NCAA Asks Ninth Circuit to Adhere to Seventh Circuit Ruling

On June 29, 2018, in a letter, lawyers representing the NCAA asked the Ninth Circuit to adhere to the Seventh Circuit’ recent decision and not revive a proposed wage-and-hour class action lawsuit brought by former NCAA football player, Lamar Dawson. The lawyer’s asked the Ninth Circuit to adhere to the June 25, 2018 Seventh Circuit ruling that upheld the NCAA’s controversial “year-in-residence rule.” The rule mandates that if a student athlete transfers from a division one institution to another division one institution, they are not eligible for competition at their new school until they meet a residence requirement of a full school year at the new school.

As we have previously reported, the rule was originally challenged, and was later challenged at the Seventh Circuit, when former college punter Peter Deppe sued the NCAA in March 2016, as a class action antitrust claim. Deppe argued that the rule was anti-competitive, but the court disagreed, and dismissed the suit 2016, because the rule promoted competition among college programs. On appeal, Deppe primarily argued that the ruling gave the NCAA “carte blanche” to violate antitrust laws. However, the Seventh Circuit believed that the rule was easily characterized as an eligibility rule and thus was found to be entitled to a procompetitive presumption. Further, the court feared that without the rule, college athletes could effectively be “traded” and switch schools from year to year, which would possibly threaten the amateur character of intercollegiate athletics.

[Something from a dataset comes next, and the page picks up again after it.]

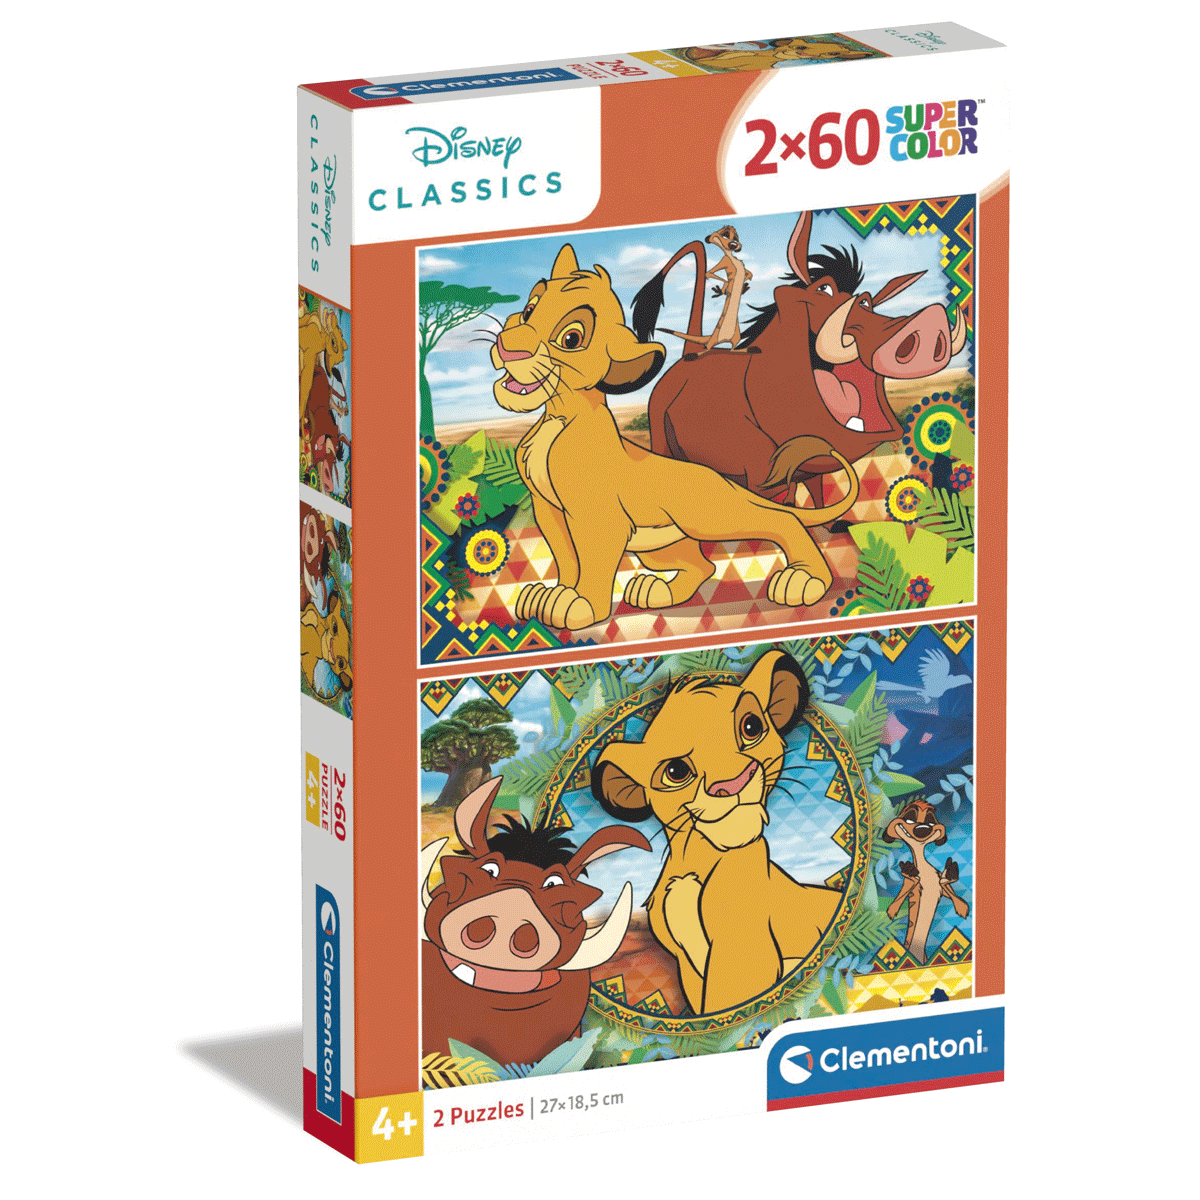 Clementoni supercolor puzzle disney the lion king - 2x60 pezzi, puzzle bambini 4 anni - CLEMENTONI

The June 29, 2018 letter urged the Ninth Circuit to abide by the Seventh Circuit ruling. Specifically, lawyers representing the NCAA argued that the Seventh Circuit’s ruling supports the “argument that [NCAA athletes] are not employees” under the terms of the Fair Labor Standards Act (FLSA) “because amateurism — a system in which compensation is explicitly prohibited — defines the economic reality of their activity. Given this economic reality, student-athletes cannot plausibly claim to have been motivated by an expectation of compensation.” As we have previously reported, Dawson began a class-action lawsuit in September 2016, alleging the NCAA and Pac-12 violated California law and the by not paying student-athletes minimum wage or overtime.